Brands have analysed data to discover vital facts to tell a story that has deeper cultural significance says India's Arpan Jain.
India is the land of stories. Ancient epics like the Mahabharata and Ramayana are examples of how stories can deeply influence the cultural belief of the whole Indian subcontinent and a greater part of the rest of Asia.
These stories have been narrated in numerous forms and styles. The art of storytelling has evolved over the years, from visual stories to cave paintings, to oral traditions. While some narrate, others employ props like puppets, mask and even musical instruments.
There are some that are told through the medium of dance and music, simply spoiling its audience with choices. From the early days, storytelling has been our method of teaching, persuading, and communicating. Our brains are hardwired to respond to storytelling. Over the year’s brands have leveraged storytelling as the bedrock of branded communication. They developed one key message, focused on a few formats and crafted it with artistry.
Modern storytelling has taken many forms, brands are finding new ways to connect, persuade, and drive human emotion.
Today audiences are scrolling through nearly 300 feet of content in a single day—the size of a cricket ground pitch— Some absorb visual storytelling, while some listen to voices intently - instead of binge-watching, they prefer binge-listening. Some wish to touch and interact to truly absorb an experience. Others need to be fully immersed in sights, sounds, and even smells of an experience to fully absorb the message.
So, understanding audiences’ interests, behaviour, motivations have become more important than ever. Speaking to them as individuals and not consumers, connecting with them at personal and emotional level will increase empathy, connectedness and attention.

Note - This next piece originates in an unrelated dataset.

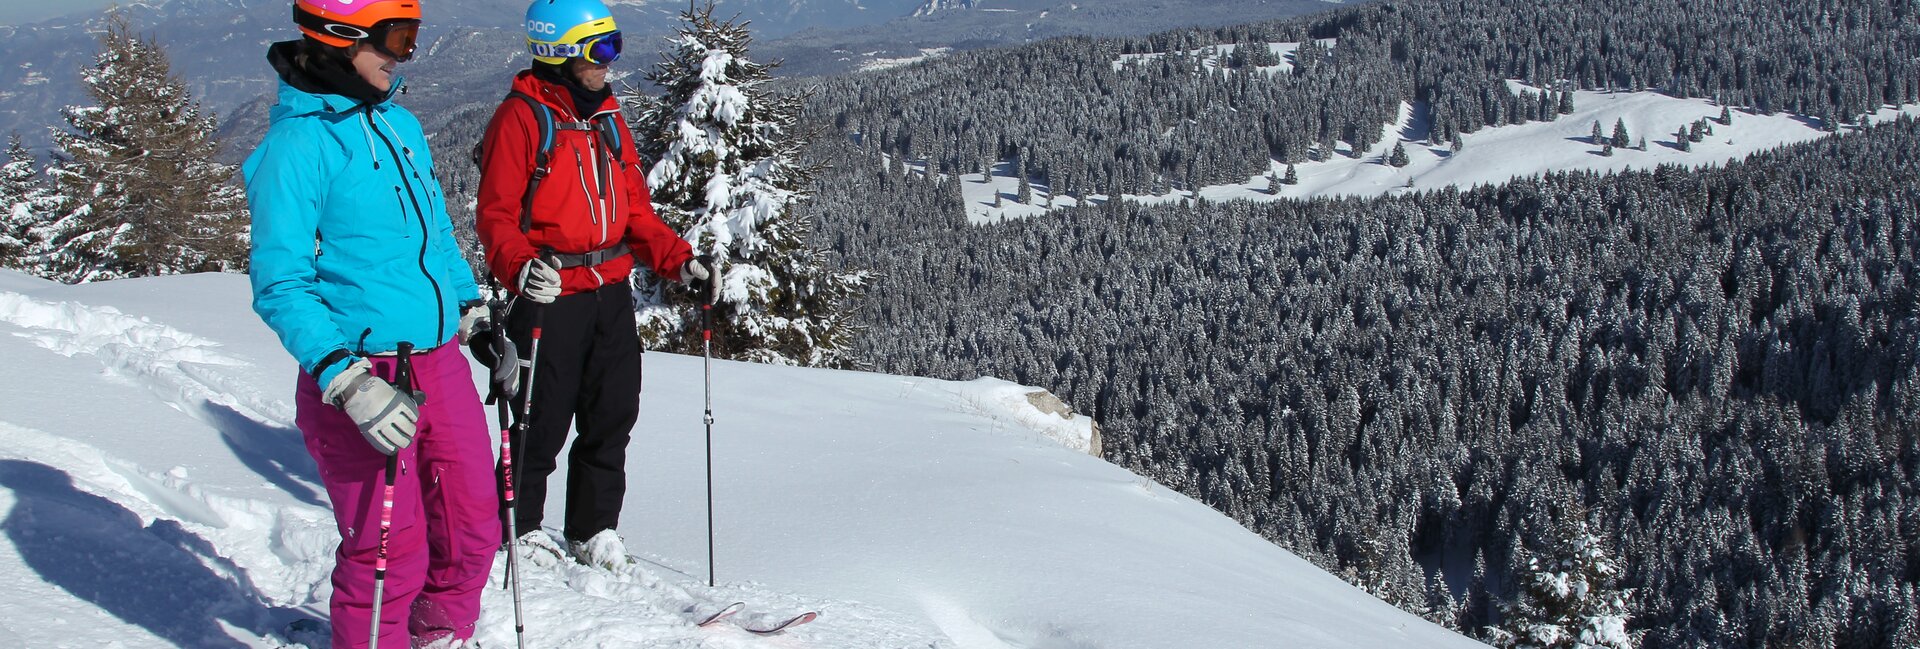 Folgaria Fiorentini skiing district - Skitour dei Forti - Snow forecast

Data can help us understand this by bringing to light great insights and intriguing facts which make for unusual, creative, and inspiring stories that resonate with audience in meaningful way.
Brands have analysed data to discover vital facts to tell a story that has deeper cultural significance.
Research revealed that one out of two women in the country is anaemic due to iron deficiency. During Dhanteras, an auspicious day on which devotees worship wealth and purchase gold, DSM (Dutch State Mines) urged women to invest in another element—iron and give iron levels in their bodies an equal importance as the precious metal. Here data helped narrow down on an occasion which not only targeted the right audience but also gave the brand an opportunity to take a creative twist on traditions.
Brands are increasingly harnessing data to predict what will connect with the audience. Google, the powerhouse of data, does that each year with their ‘year in search’ videos - two-minute film crafted out of the trending searches of the year showcasing footage of the pivotal moments – both joyful and tragic. This evokes a strong range of emotions from viewers as it encompasses stories that the audience themselves have cared about and searched.
Over 163 million people in rural areas across India don’t have access to clean drinking water, causing serious health issues and agricultural loss. Yet an average shower in urban areas uses 65 litres of water! This hard-hitting fact was brought to life by HUL in a compelling and emotional story.
Popular spoken word platform Kommune has a discovery team that works across the country to collect data on what people care about and find topics that audiences would be interested in. For example, teens talk about love, mental health and family, 40 plus audience prefers humour and lighter content, etc. They use these data to craft and curate stories that will resonate with the right audience
Brands should take inspiration from OTT platforms such as Netflix and Prime Video which are exploring innovative and interactive forms of storytelling.
So much so that their popular shows have become the topic of conversations at dinner party and office banter. We can expect similar kind of storytelling from the brands as well.
Brands can create “Adisodes” where multiple content films of a campaign could be released episodically. Each Adisode is connected to form a larger story, while still being effective as a standalone content piece. Comments and interaction at the end of each episode can help generate data to target the viewers for upcoming Adisodes and start a conversation.
“Bandersnatch” is another way to go, where you are giving audiences the option to select their own desired outcome through the course of the content via multiple choices, making it a truly customized viewing experience. Viewers are in control of the story and therefore more invested in the storytelling than a linear narrative. It will give brands a plethora of permutations and combinations to tell their story, almost gamifying it, where the right decision can lead the viewer to a more rewarding experience.